Era temprano y había aún poca gente. Nos atendió una joven muy eficiente que trabajaba por la mañana en ese empleo y por la tarde cursaba estudios de turismo en la Universidad de Cusco. Tendría nuestra misma edad y por eso fue súper simpática y eficiente en sus respuestas y sugerencias. De entrada entendió como se presentaba la situación. En realidad no éramos un grupo consolidado de 4 queriendo hacer lo mismo en los mismos tiempos ni por idénticos motivos. Fue paciente con nuestras preguntas, pequeñas discusiones e intercambios entre nosotros y más repreguntas, muchas de las cuales volvían a alguna ya planteada anteriormente. La felicitamos y le auguramos una buena carrera entendiendo y guiando a los afortunados turistas que visitarían Cusco con ella.

Salimos con un par de mapas, algún folleto útil y bastantes anotaciones de horarios y precios. Nos propusimos sentarnos a comentar toda esa información en el mismo lugar en que habíamos cenado la noche anterior, que a esa hora servía café y desayunos.

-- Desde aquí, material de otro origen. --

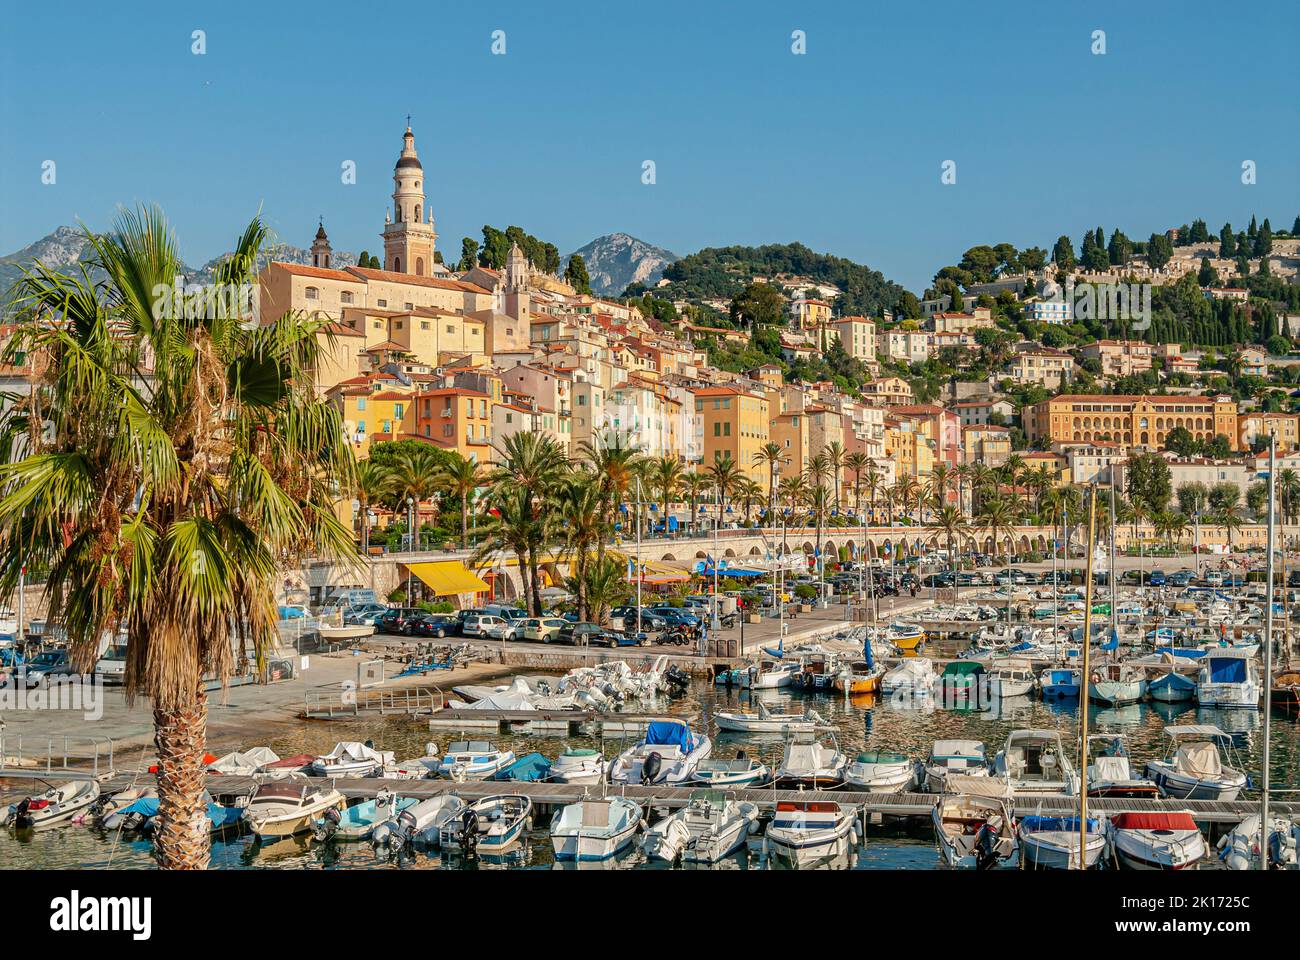 Marina and Old town of Menton at the French Rivera, Côte d'Azur, France Stock Photo

Rápidamente llegamos a la conclusión de que los 4 teníamos situaciones muy distintas de viaje. Isa, que tenía ya un trabajo bastante bien remunerado no corría con restricciones, lo que le interesaba era poder aprovechar lo mejor posible los 10 días que tenía previsto quedarse en la región andina. José estaba haciendo un viaje procurando no malgastar sus ahorros, pero contaba con la seguridad de que rápidamente encontraría un trabajo bien remunerado, así que no necesitaba privarse  tampoco. Francisca dijo que ella como estudiante tenía que priorizar sus gastos y había cosas que no se podía permitir. Yo contaba con exactamente 882 dólares ahorrados y tenía que hacerlos durar un año o hasta llegar a California donde calculaba que podría trabajar y empezar a ahorrar nuevamente para seguir mi viaje que no tenía una duración prevista. Dicho de otro modo, estaba en plan economía y con restricciones al máximo.

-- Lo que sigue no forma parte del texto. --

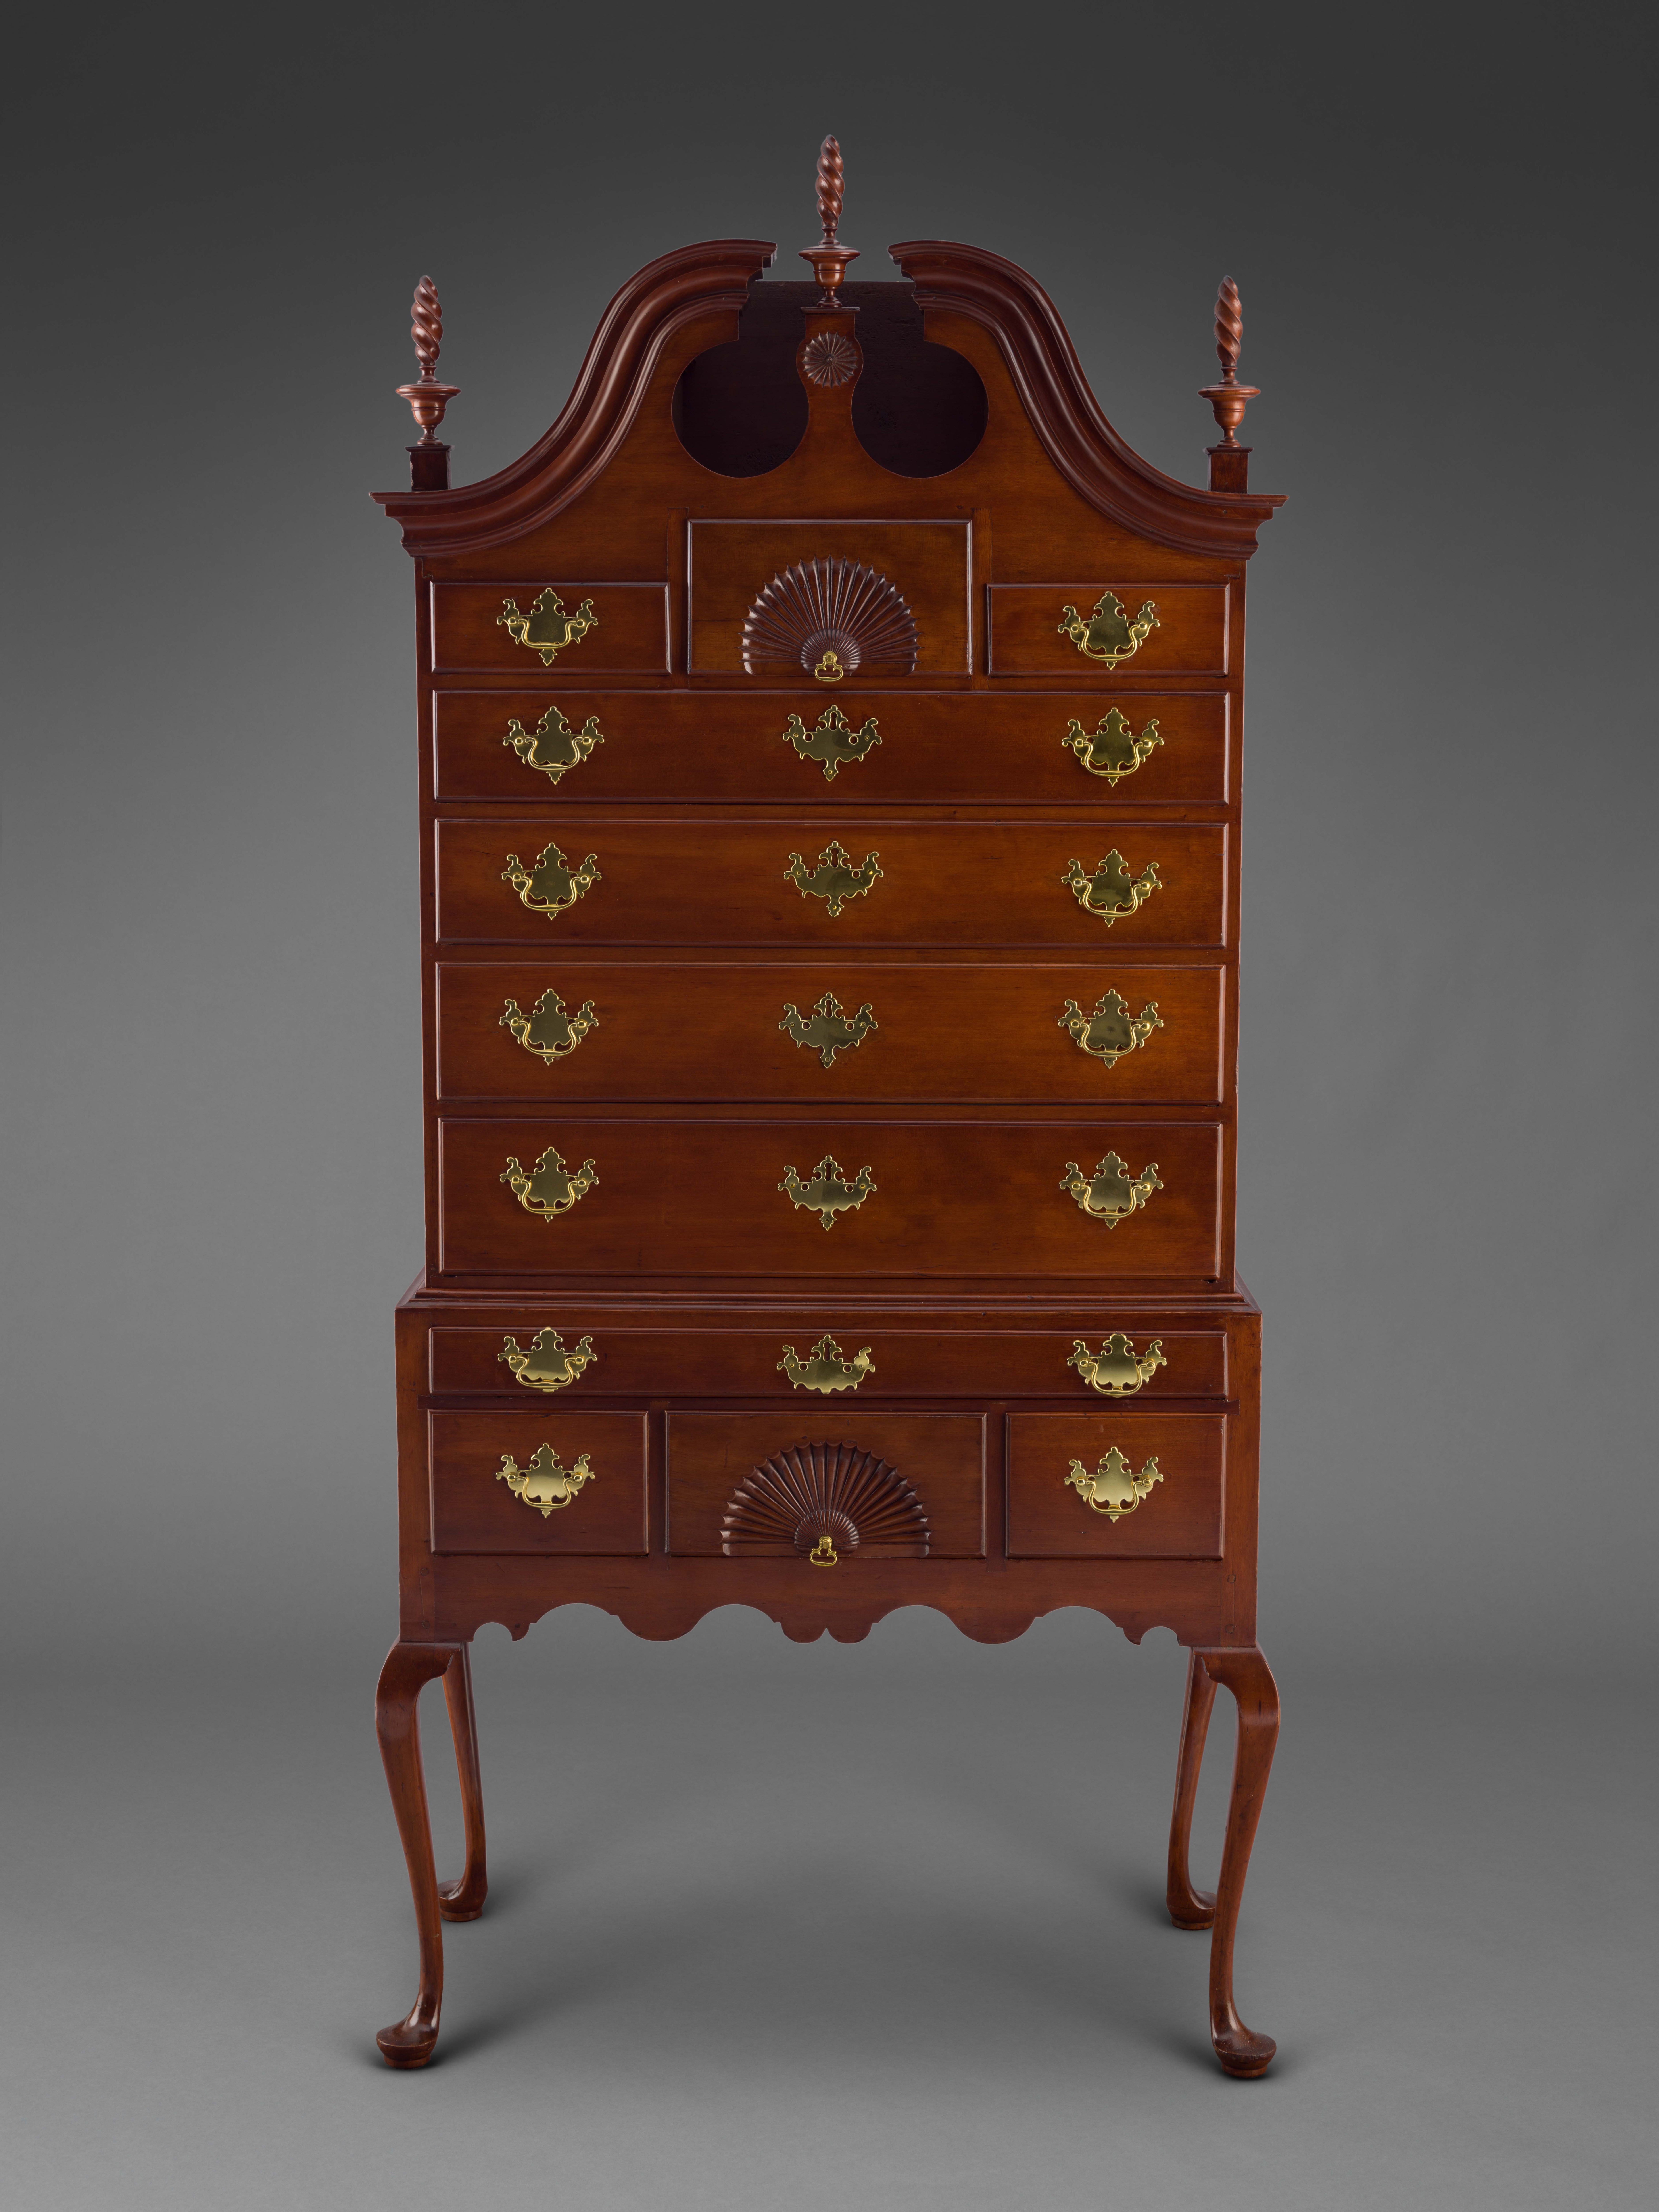 High chest of drawers, possibly made by Isaac Tryon in the Connecticut River Valley between 1760 and 1790

La primera decisión que no fue difícil de tomar fue respecto al Camino del Inca. Las chicas tenían menos tiempo disponible que nosotros para hacer el camino largo (que normalmente está programado en 4 días), así que comenzarían a mitad del recorrido, mientras que nosotros haríamos la versión que comienza en la parada del km 82, en el paraje Piskakucho.

En aquélla época el ingreso al Camino era gratuito y libre. Habían pocos servicios de trenes, uno por la mañana temprano, para los turistas y otro por la tarde que era justamente el que nosotros queríamos tomar, el destinado a la población local. Se trataba de un tren muy pintoresco por lo sencillo, austero y porque cabían más animales vivos como gallinas, ovejas y cabras, acompañando a sus dueños, que gente ocupando debidamente sus asientos.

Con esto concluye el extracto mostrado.